Parasteatoda lanyuensis

Scientific classification
- Kingdom: Animalia
- Phylum: Arthropoda
- Subphylum: Chelicerata
- Class: Arachnida
- Order: Araneae
- Infraorder: Araneomorphae
- Family: Theridiidae
- Genus: Parasteatoda
- Species: P. lanyuensis
- Binomial name: Parasteatoda lanyuensis (Yoshida, Tso & Severinghaus, 2000)
- Synonyms: Achaearanea lanyuensis Yoshida, Tso & Severinghaus, 2000

= Parasteatoda lanyuensis =

- Authority: (Yoshida, Tso & Severinghaus, 2000)
- Synonyms: Achaearanea lanyuensis Yoshida, Tso & Severinghaus, 2000

Species of spider

Parasteatoda lanyuensis is a species of comb-footed spider in the family Theridiidae. It is endemic to Taiwan. The type series – two males and three females – was collected from Orchid Island (=Lanyu in Chinese, hence the specific name).

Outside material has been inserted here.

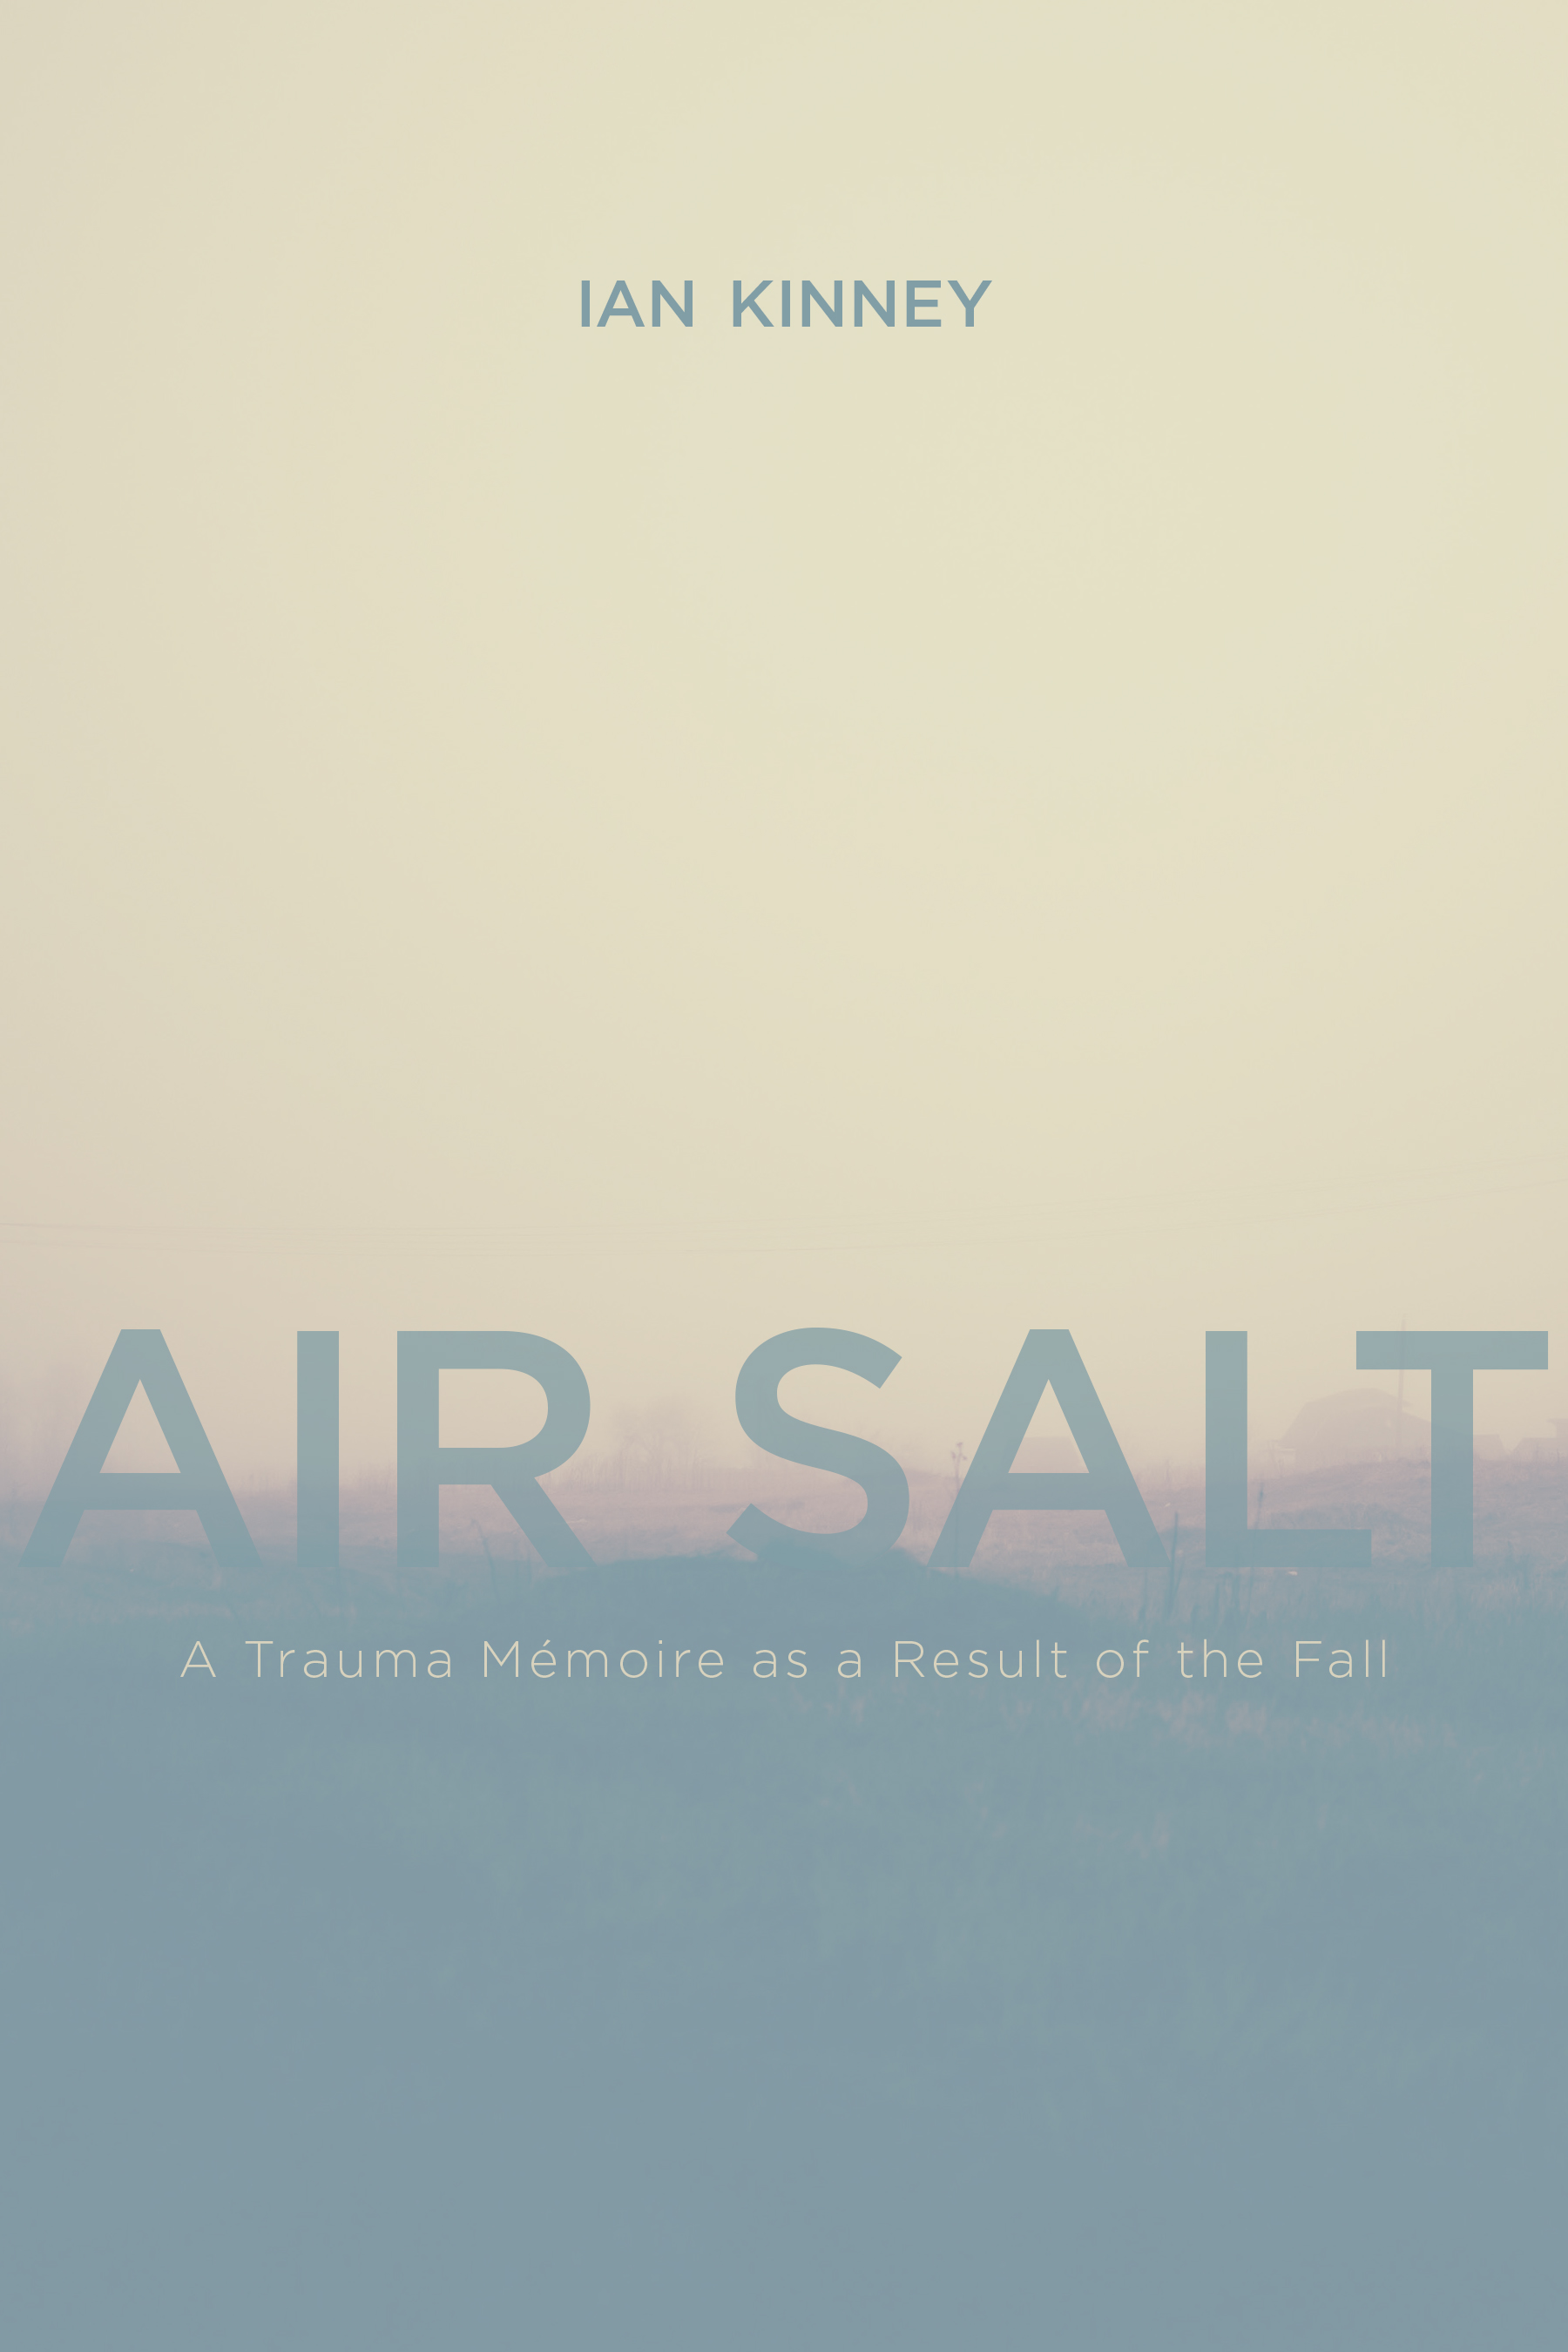 Air Salt: A Trauma Mémoire as a Result of the Fall
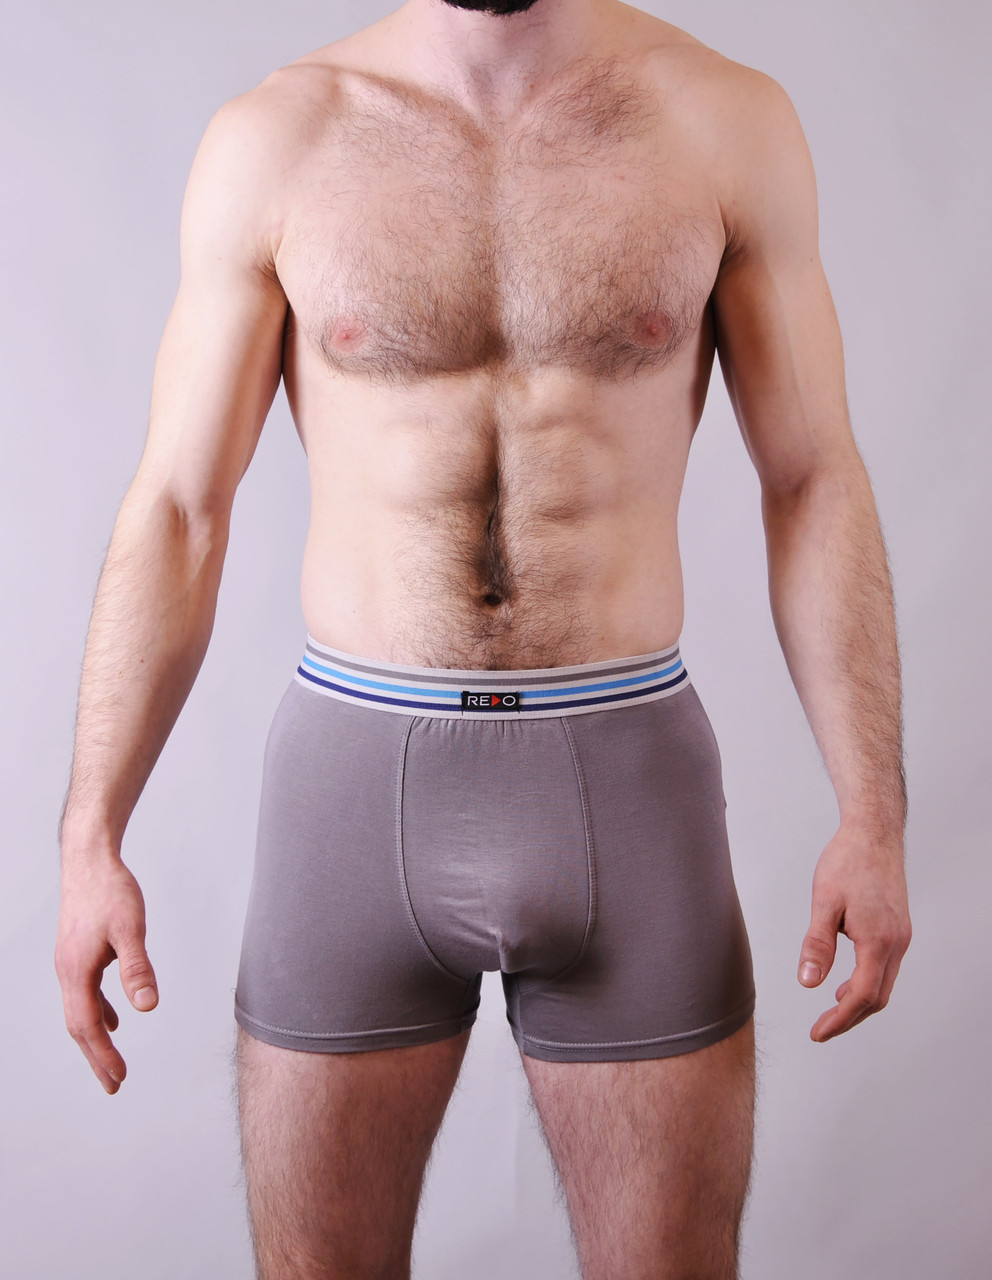 Мужские трусы - боксеры Redo  #1588  XL серый

Male Parasteatoda lanyuensis measure 2.68-3.11 mm and females 5.47-5.51 mm in total length. The carapace is brown with dusky spots while the abdomen is grayish dusky brown with white spots and black flecks. The chelicerae, maxillae, and labium are brown. The sternum is light brown with posterior black flecks. The legs are light brown.